Brighthouse Financial Surges 26% on $70 Per Share Aquarian Capital Buyout
The all-cash acquisition deal overshadowed the insurer's third-quarter earnings miss, sending shares to a new 52-week high.
Brighthouse Financial Inc. (BHF) shares soared more than 26% on Thursday after the company announced it had entered into a definitive agreement to be acquired by private investment firm Aquarian Capital in an all-cash deal valuing the company at $70.00 per share.
The news sent Brighthouse stock to a new 52-week high, closing at $65.70, a dramatic single-day gain of 26.83%. The acquisition agreement provided a substantial premium over the company's previous closing price and effectively eclipsed its simultaneous third-quarter earnings report, which fell short of analyst expectations.
The acquisition announcement was made in conjunction with Brighthouse's Q3 2025 financial results. In a move typical of such buyouts, Brighthouse canceled its previously scheduled conference call with analysts and investors to discuss the quarterly performance, focusing all attention on the impending transaction.

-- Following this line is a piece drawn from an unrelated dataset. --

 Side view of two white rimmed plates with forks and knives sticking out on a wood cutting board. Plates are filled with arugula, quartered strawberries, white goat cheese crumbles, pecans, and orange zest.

While the market's attention was firmly on the buyout, the company's underlying performance highlighted potential headwinds. For the third quarter, Brighthouse reported adjusted earnings of $4.54 per share, missing the consensus Wall Street estimate of approximately $5.06 per share. Net income available to shareholders was $453 million, or $7.89 per diluted share. Despite the earnings miss, the significant premium offered by Aquarian Capital drove the day's trading activity, rendering the quarterly results a secondary factor for investors.

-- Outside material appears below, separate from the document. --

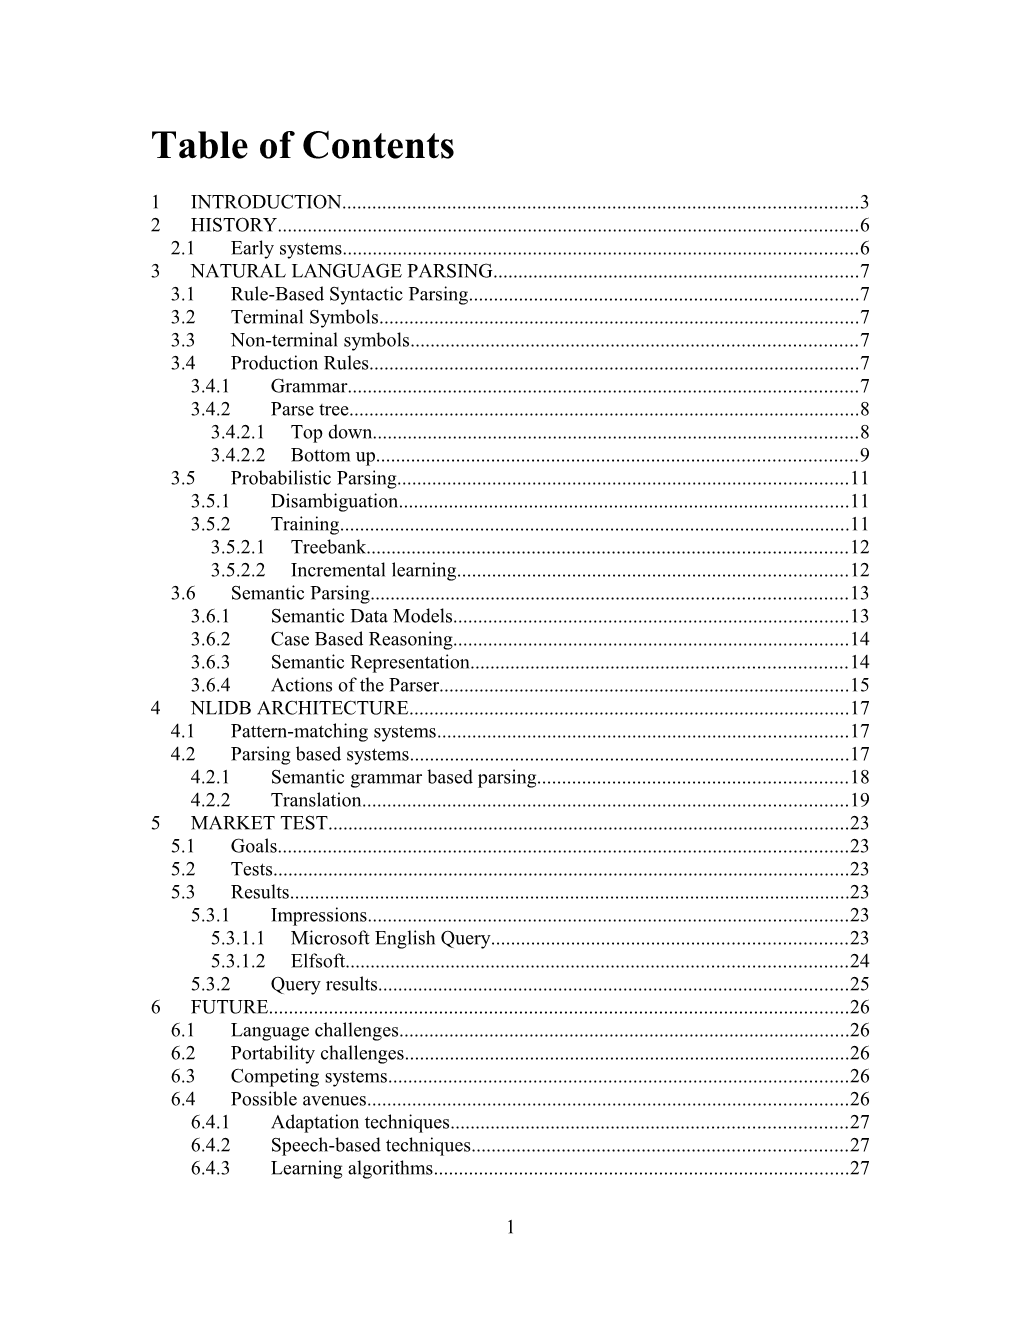 Table of Contents s462

Analysts were quick to react to the acquisition news. Morgan Stanley upgraded Brighthouse Financial's stock to 'Equalweight' from 'Underweight' and adjusted its price target to $70.00, aligning it directly with the acquisition price. The move reflects a valuation based on the certainty of the buyout rather than the company's standalone operational performance.
Brighthouse Financial, one of the largest providers of annuities and life insurance in the U.S., was spun off from MetLife in 2017. The company has since operated in a competitive environment, navigating fluctuating interest rates and market volatility that directly impact its investment income and policyholder liabilities. The acquisition by Aquarian Capital will take the company private, shielding it from public market pressures.
The company's preliminary financial disclosures for the quarter indicated a strong capital position, with combined total adjusted capital of $5.4 billion and an estimated combined risk-based capital ratio between 435% and 455%. As is common with acquisition announcements, at least one law firm has announced an investigation into the deal, a procedural step in major corporate transactions.
With the transaction pending shareholder and regulatory approval, the focus for Brighthouse now shifts from quarterly performance to the successful closing of the deal with Aquarian Capital.